I attended a campus career fair at the beginning of October as a current student, which led to round one of interviewing and me declining round two.
Upon submitting my resume to the PNC booth, they said they would contact me for the round of interviews the next day. I figured this was a canned response since other people that had spoken with the technology representative received that as well. However, they actually did get back to me by email at 6pm that night wanting to know by 8pm when the next day would be best for an on campus interview. I had work that night, but because I was checking my email then, I was able to respond in time.
The next day, I had an interview for after lunch and before my courses for the day began. Sat down with two of the recruiters from the technology department and they switched off between who was asking questions and taking notes. They were standard questions about why I wanted to go into technology in the financial sector, what technical experience I had, classroom experiences, etc.

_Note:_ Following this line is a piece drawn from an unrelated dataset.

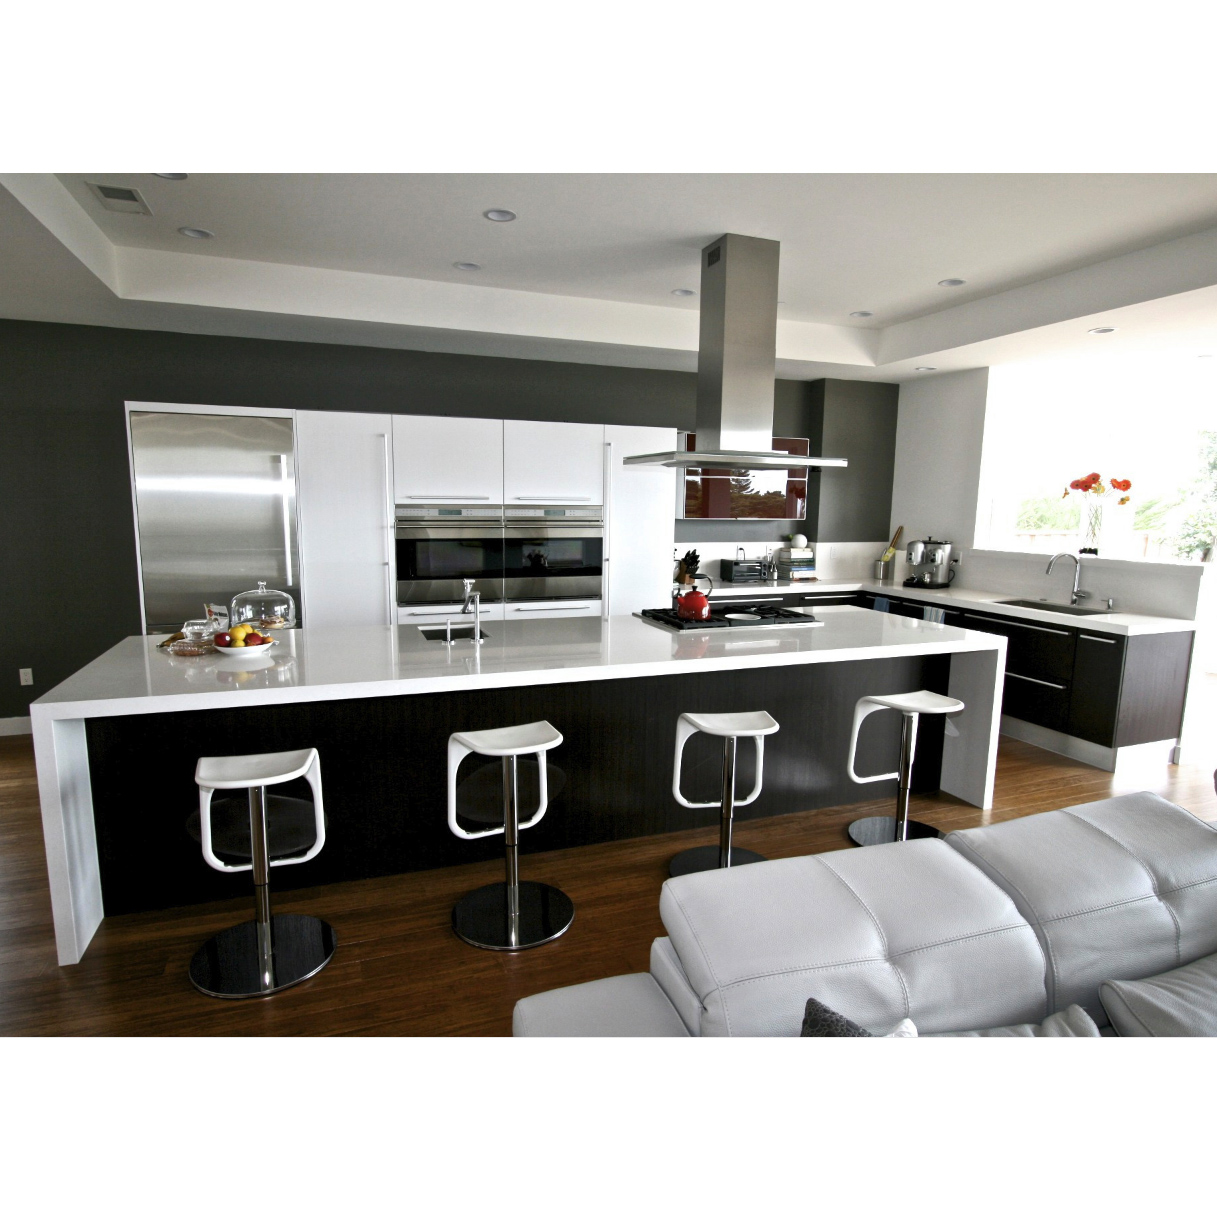 AisDecor cheap lacquer cabinets international trader-2

The interview lasted almost an hour. They said that the program only hired about a fourth of the people who go into it and that I would be hearing about round two of interviews in about two weeks.
Exactly a week after the career fair, I received an email stating that round two of interviews would start the next day! It was to be a networking session from 6pm to 8pm, then the entire day after (I think it was 7:30am to 4pm, but I could be mistaken) would be round two of interviews with the people actually in charge of the various sectors of the development program and would be much more technical than round one.
I called the recruiter who sent the email and declined due to scheduling conflicts as going to an interview for a program that only hires a forth of their employees was not worth finding transportation to Pittsburgh headquarters on such short notice. Apparently my interviewers had the wrong information and that the program actually hired 90% that join it, with the other 10% opting out of it due to not finding the right fit during the training. The discrepancy in information seemed to reflect that the departments have poor communication. The recruiter I called said they could try working something out for later in the week, but that by the next week, they already will have hired for the program and I would have to reapply for the next round in the spring. That would not work for me due to working alone and having no one to cover multiple shifts on such short notice, and it was midterm week, so professors would not be able to accommodate me missing exams on such short notice.
Overall, it seemed way too quick of a process to me. It could be that it was just my first professional interview, but having all this occur within the first week of contacting them was daunting, especially with being told two completely different pieces of key information about the program. My career counselor asked me about it when I met with him a month later, and he seemed surprised that they actually went through with giving me less than a day between giving them my resume and having round one.
My apologies for this being long winded, but I wanted to be detailed while I still remembered it.